=== Work request ===
Your output should be the lines below from the one with "Elektrischer Bolzen stock" through the one with "Nectarine-Almond-and-Honey-Cheesecake-Thermomix-Recipe", copied exactly, pictures excluded.

Source data: Begin

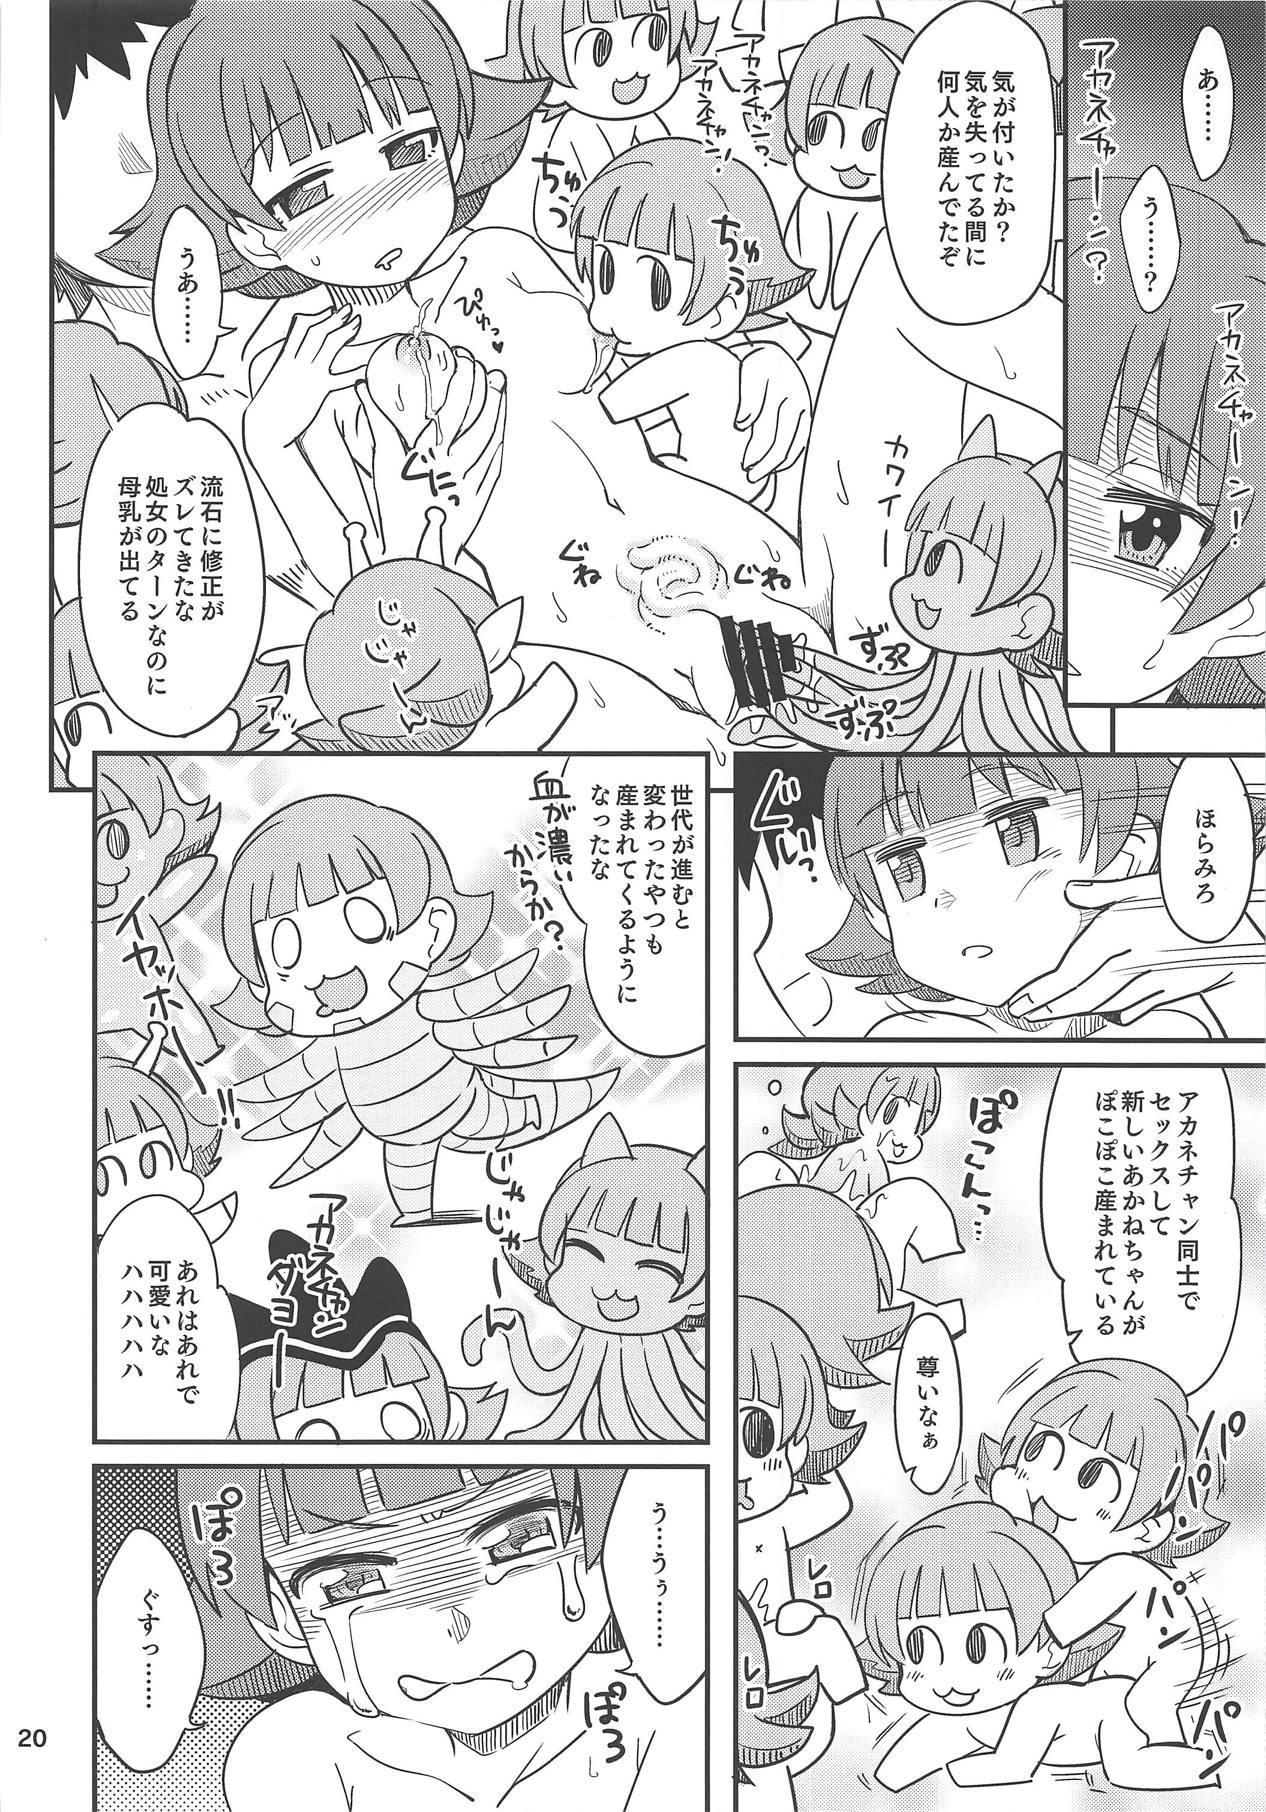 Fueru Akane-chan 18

Source data: End
Source data: Begin

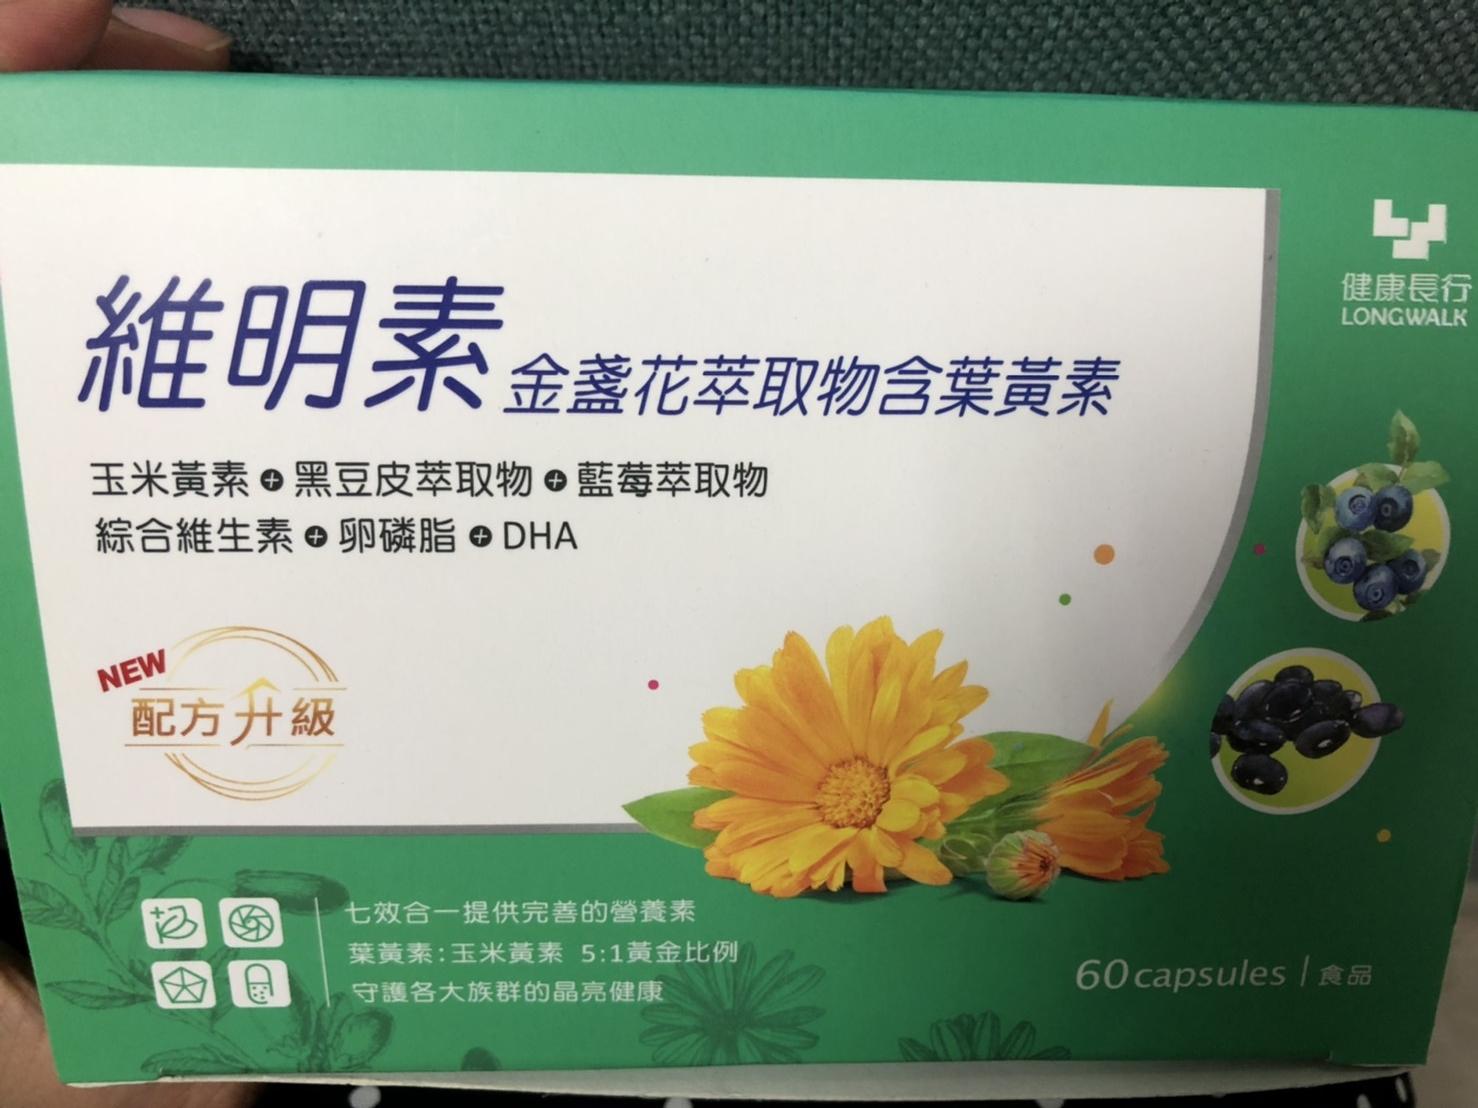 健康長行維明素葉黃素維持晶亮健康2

Source data: End
Source data: Begin

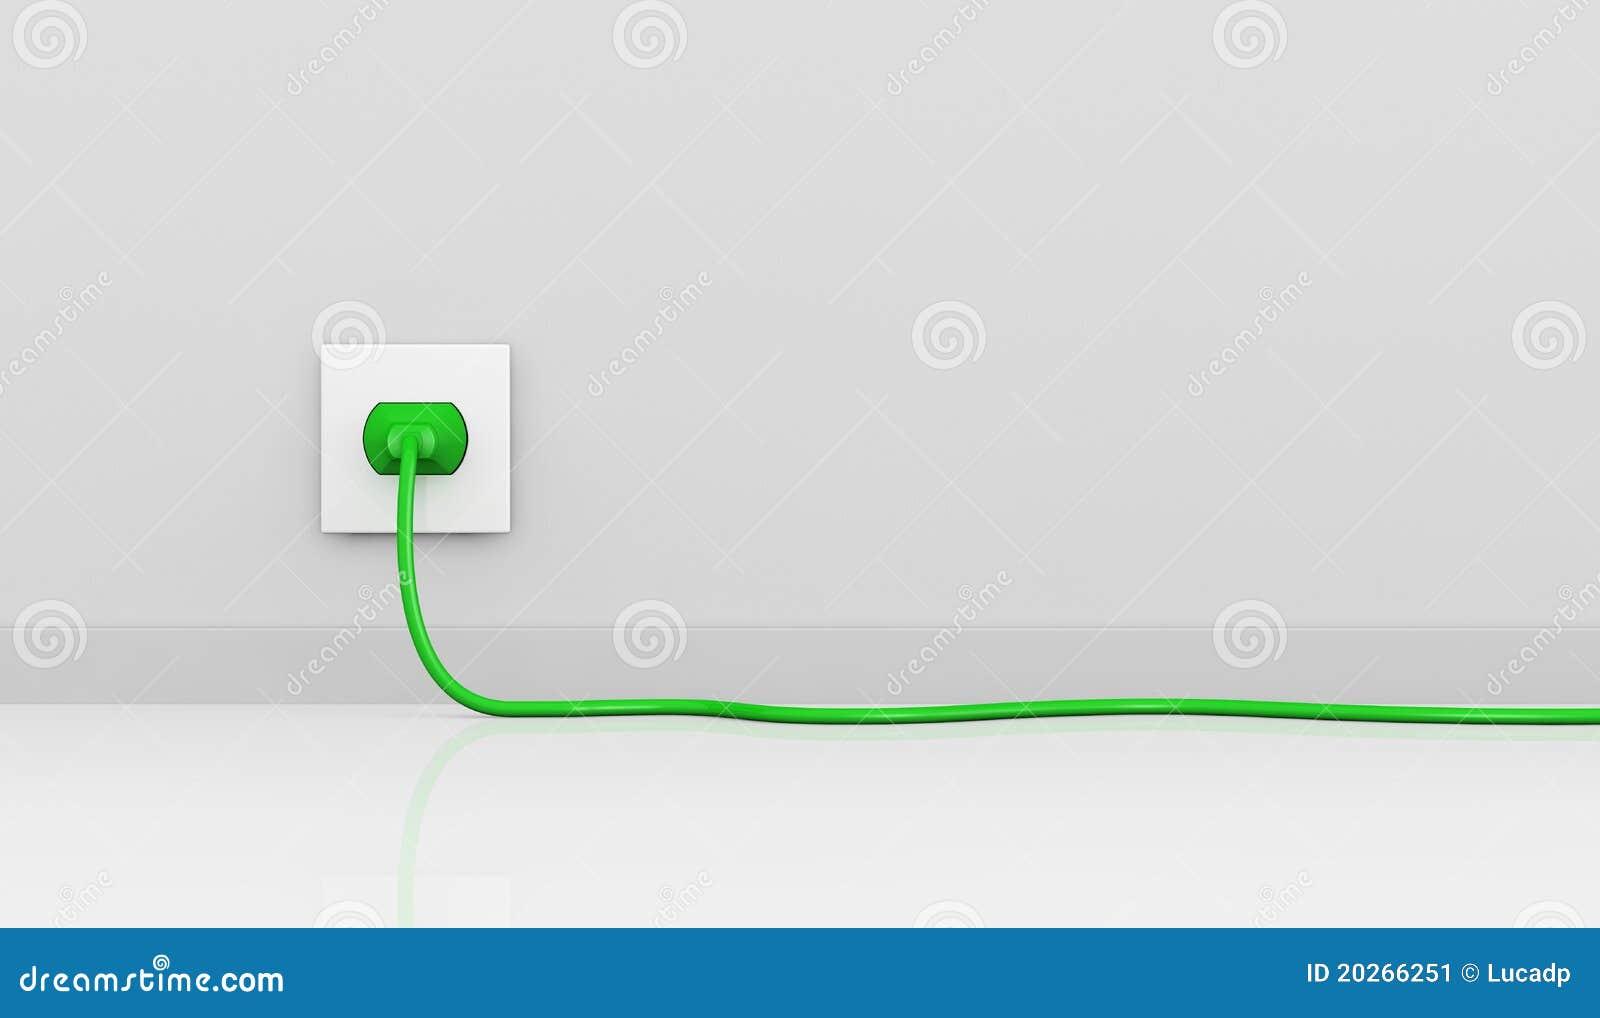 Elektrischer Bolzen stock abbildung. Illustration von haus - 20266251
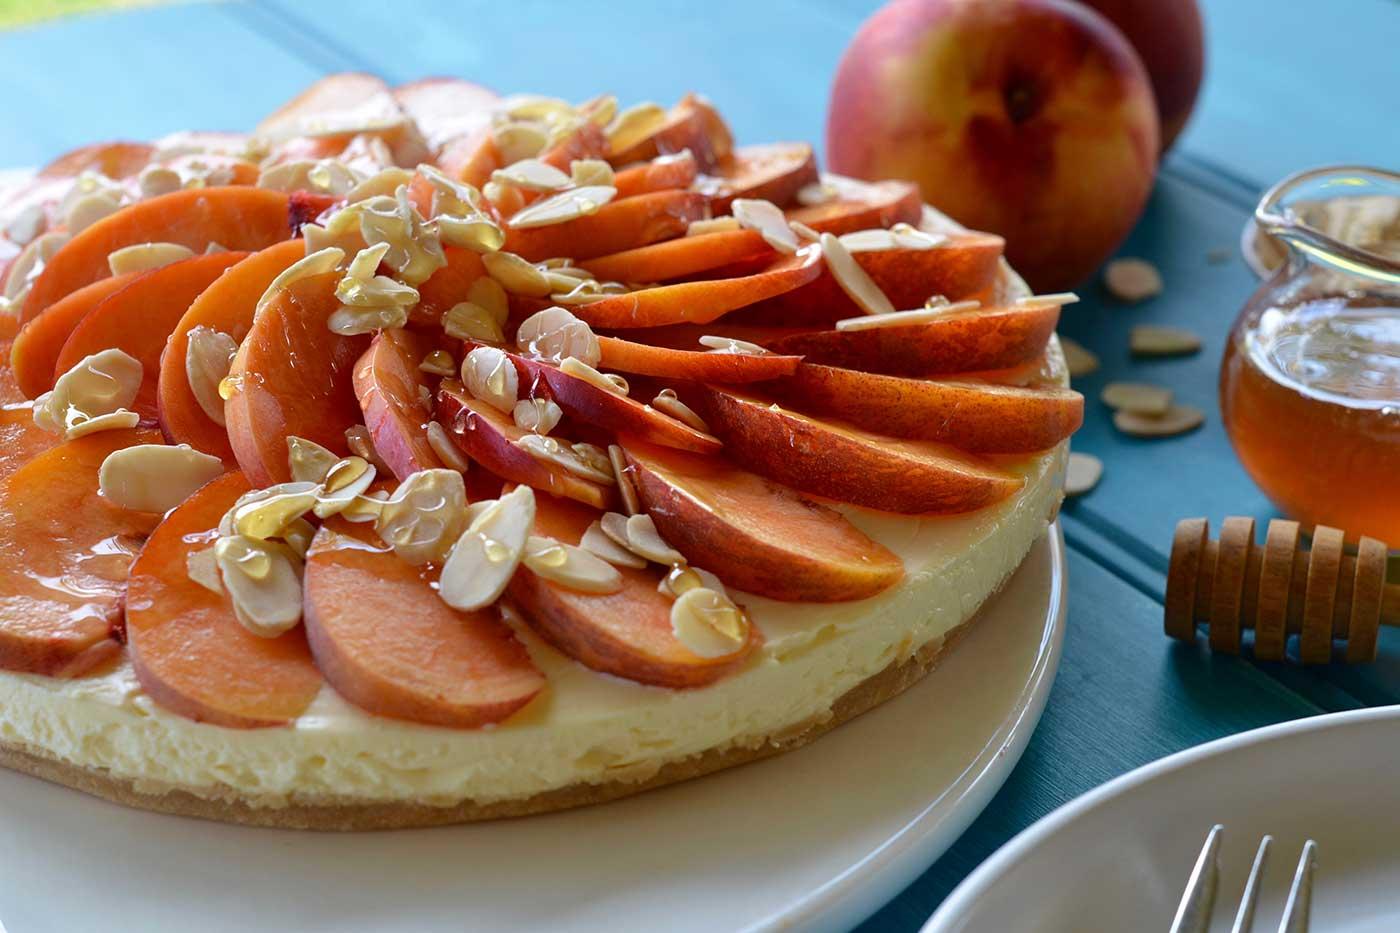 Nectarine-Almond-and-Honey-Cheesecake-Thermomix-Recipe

Source data: End

=== Response ===
 Elektrischer Bolzen stock abbildung. Illustration von haus - 20266251
 Nectarine-Almond-and-Honey-Cheesecake-Thermomix-Recipe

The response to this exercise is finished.